While in 2020 only 65,000 entry-level homes were completed, there were 2.38 million first-time homebuyers that purchased homes. Not all renters looking to purchase their first home were in the market for entry-level homes, however, the large disparity illustrates the significant and rapidly widening gap between entry-level supply and demand.”
Despite today’s low inventory, there is reason to be optimistic.
Regarding existing home sales, Sabrina Speianu, Senior Economic Research Analyst at realtor.com, explains:
“In May, newly listed homes grew by 5.4% on a year-over-year basis compared to the earlier days of the COVID-19 pandemic last year…
In May, the share of newly listed homes compared to active daily inventory hit a historical high of 44.4%, 17.3 percentage points higher than last year and 15.1 percentage points above typical levels seen in 2017 to 2019. This is a reflection of quickly selling homes and, for buyers, it means that while they can expect fresh new listings every week, they will have to be prepared to move quickly on desirable homes.”

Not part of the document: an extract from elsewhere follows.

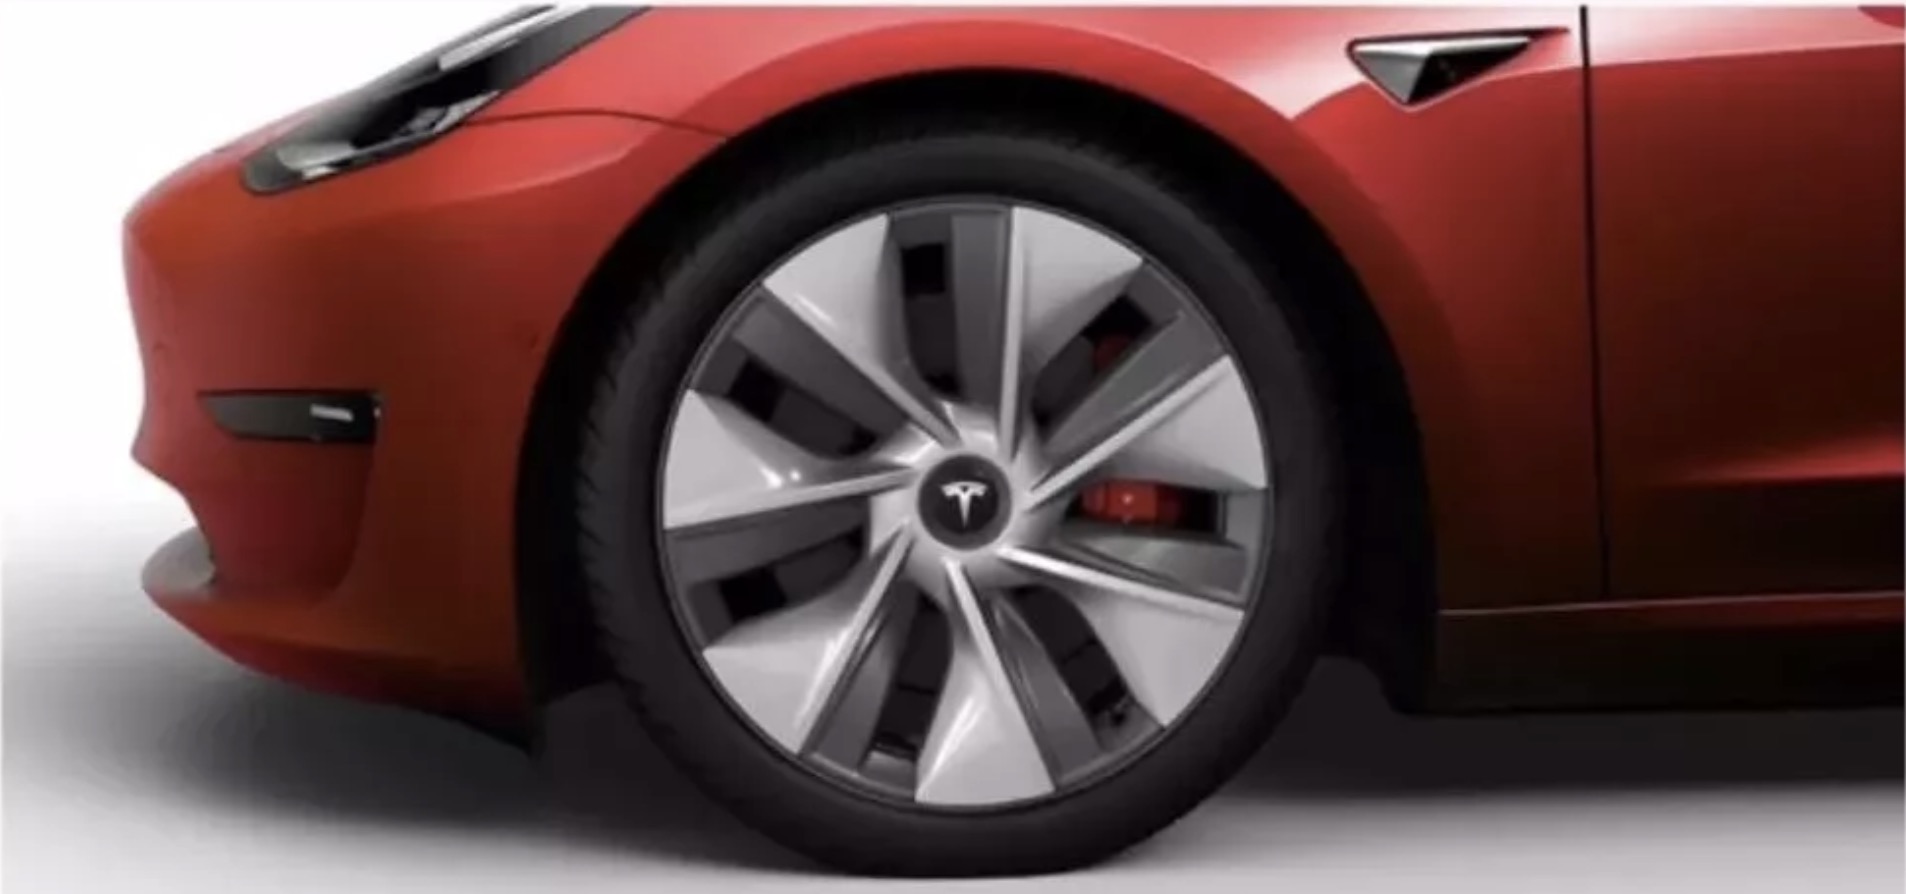 Tesla starts Model 3 orders in China, unveils new wheel design - Electrek

As for newly built homes, builders are also confident about what’s ahead for housing inventory. Robert Dietz, Chief Economist at the National Association of Home Builders (NAHB), shares:
“Builder confidence in the market remains strong due to a lack of resale inventory, low mortgage interest rates, and a growing demographic of prospective home buyers.”
Things are starting to look up for residential real estate inventory. As the country continues to reopen, more houses are likely to be listed for sale. However, as long as buyer demand remains high, it will take time for the balance between supply and demand to truly neutralize.